[Import-SIG] On singleton modules, heap types, and subinterpreters

Sun Jul 26 15:49:10 CEST 2015

 On Sun, Jul 26, 2015 at 2:50 PM, Nick Coghlan <ncoghlan at gmail.com> wrote:
> On 26 July 2015 at 20:39, Petr Viktorin <encukou at gmail.com> wrote:
>> So it seems that extension modules that need per-module state need to
>> use heap types. And the heap types need a reference to "their" module.
>> And methods of those types need to be called with the class that
>> defined them.
>> This would be possible with regular methods. But, consider for example
>> the tp_iternext signature:
>>
>>     PyObject* myobj_iternext(PyObject *self)
>>
>> There's no good way for this function to get a reference to the class
>> it belongs to.
>> `Py_TYPE(self)` might be a subclass. The best way I can think of is
>> walking the MRO until I get to a class with tp_iter (or a class
>> created from "my" known PyType_Spec), but one of the requirements on
>> module state is that it needs to be efficient, so I'd rather avoid
>> walking a list.
>>
>> That's where I'm currently stuck. Does anyone have any ideas/comments
>> on this problem?
>
> (I'm assuming I'm going to be retreading ground you've already covered
> in your own investigations here, but I want to make sure we're at
> least thinking along the same lines)
>
> Let's start by assuming the following constraints:
>
> * we can add new standard function signatures
> * we can add new calling convention flags
> * we *can't* change slot signatures
>
> Tackling the easy problem first, the new standard function signatures could be:
>
>     PyObject* (*PyCMethod)(PyObject *module, PyObject *self, PyObject *args)
>
>     PyObject* (*PyCMethodWithKeywords)(PyObject *module, PyObject
> *self, PyObject *args, PyObject *kwds)
>
> The new calling conventions would be METH_VARAGS_METHOD,
> METH_KEYWORDS_METHOD and METH_NOARGS_METHOD (probably implemented as a
> single new flag like METH_MODULE that these set).
>
> The key difference between the *_METHOD conventions and their existing
> PyCFunction counterparts is that when you use the latter for methods
> on a class, the class instance is passed in *instead of* the module
> reference, while with this change, methods on a class would receive
> the instance *in addition to* the module reference.
>
> To facilitate this, type objects would also need to gain a new
> __module__ attribute.
>
> Ignoring slots, extension modules written for Python 3.6+ could then
> just use the PyCFunction calling conventions for module level
> functions, and the new PyCMethod ones for actual methods on extension
> classes, and things should "just work". Extension modules (including
> Cython) that needed to maintain compatibility with older versions
> could implement wrappers that used PyState_FindModule to pass in the
> appropriate module name and use those in combination with single-phase
> initialisation on older versions that didn't support the new call
> signatures.

Yes, that's pretty much what I had in mind when I said "This would be
possible with regular methods" :)
Rather than the module, I'd pass in the defining class, and letting
the method look up __module__ itself. But that's pretty minor.
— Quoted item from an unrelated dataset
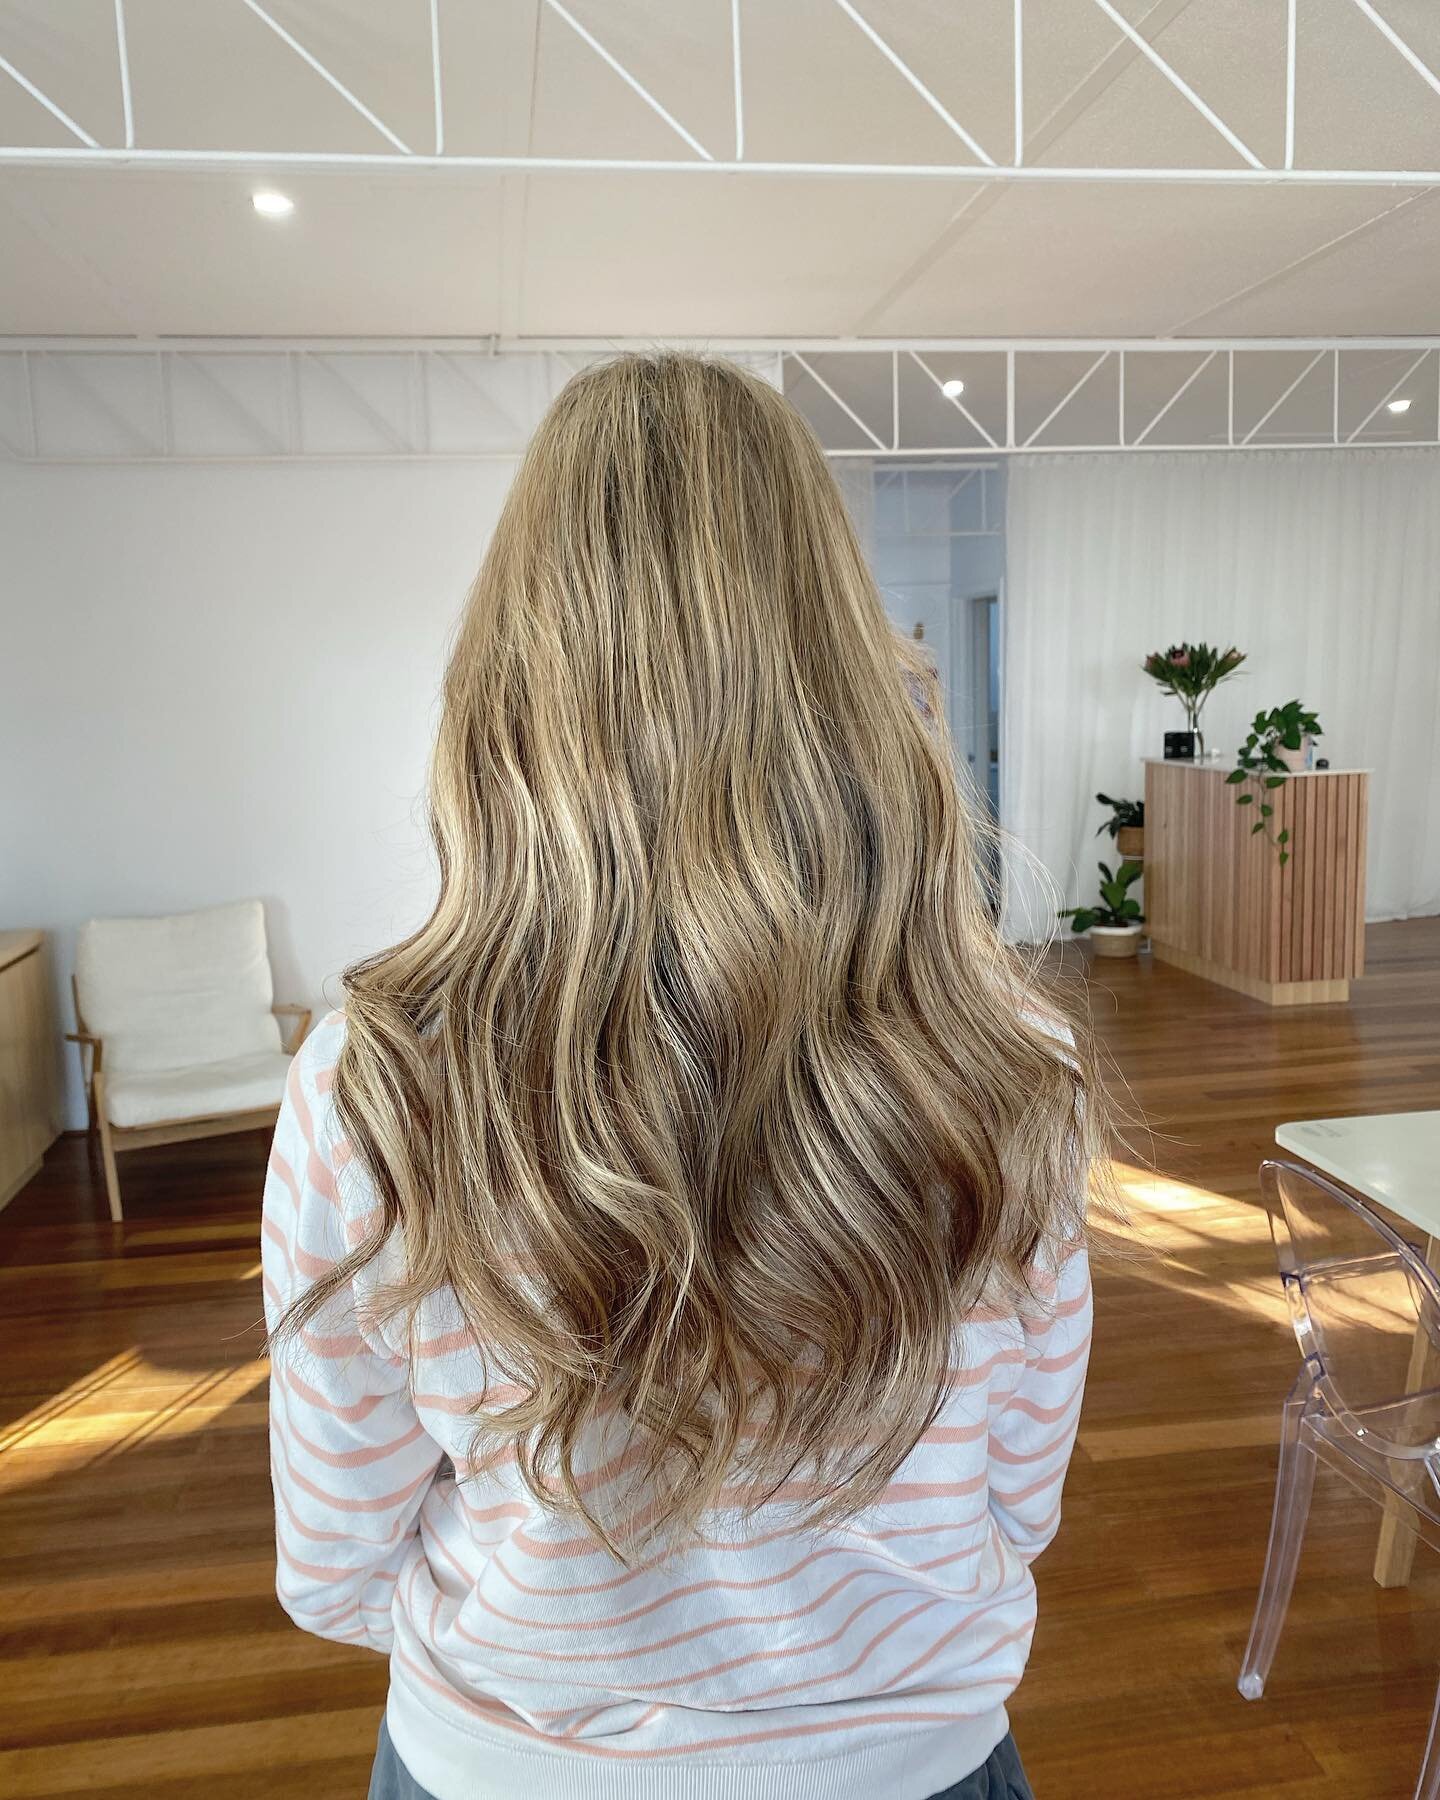 ✨ A little transformation, it&rsquo;s amazing how natural and comfortable extensions are now. Book in for your complimentary consultation to find out what works best for you ✨

> For the slot case, where we can't change the function signature to
> accept the module object directly, I'm wondering if we could take a
> leaf out of the decimal module's book and define the notion of a
> thread local "active module", together with a way to automatically
> define slot wrappers that manage the active module. The latter might
> look something like:
>
>     PyObject* PyType_FromSpecInModule(PyType_Spec* spec, PyModule*
> module, int* wrapped_slot_ids)
>
> With the following consequences:
>
> * the newly defined type would have its __module__ attribute set appropriately
> * the slots named in the NULL terminated "wrapped_slot_ids" array
> would be replaced with wrappers that pushed the given module onto the
> active module stack, called the function supplied in the type spec,
> and popped the active module off again (as a possible optimisation,
> there could potentially be a counter for how many times the currently
> active module had been pushed, rather than actually pushing the same
> pointer multiple times)
>
> That then gets us to your original hard question, which is "How would
> the slot wrappers look up the correct module?". There, I think the
> definition time "fixup_slots" operations in the type machinery may
> help: this is the code where the function pointers are copied from the
> base classes to the slots in the class currently being defined. If
> there was a way of flagging "module aware" slots at type definition
> time, then that same code (or an equivalent loop run later on) could
> be used to populate a mapping from slot IDs to the appropriate module
> object.
>
> The fastest and simplest way I can think of to do the module object
> lookup would be to have a C level PyObject* array keyed by the
> PyType_Slot slot IDs - finding the right module would then be a matter
> of having predefined wrappers for each slot that looked up the
> appropriate slot ID to get both the module to activate and the
> function pointer for the actual slot implementation. Any type defined
> using PyType_FromSpecInModule with a non-NULL "wrapped_slot_ids" would
> incur the same memory cost in terms of the size of the type object
> itself.
>
> Even though the memory hit for making an extension type module aware
> would be constant using that approach, the runtime speed hit would
> still only affect the specifically wrapped slots that were flagged as
> needing the active module state to be updated around the call.
>
> There'd be a lot of devils in the details of making such a scheme
> work, and we'd want to quantify the impact of converting a slot
> definition from a singleton implementation to a subinterpreter
> friendly implementation, but I'm not seeing anything fundamentally
> unworkable about the above approach. It makes me nervous from a
> maintainability perspective (typeobject.c and function calls are
> already hairy, and this would make both of them worse), but if the
> pay-off is substantially improved subinterpreter support, I think it
> will be worth it (especially if Eric is able to manage the trick of
> allowing subinterpreters to run concurrently on different cores)

That does sound doable, even if it is a pretty arcane workaround.
It should at least do as a proof of concept, to allow exploring this
space further.
Thank you!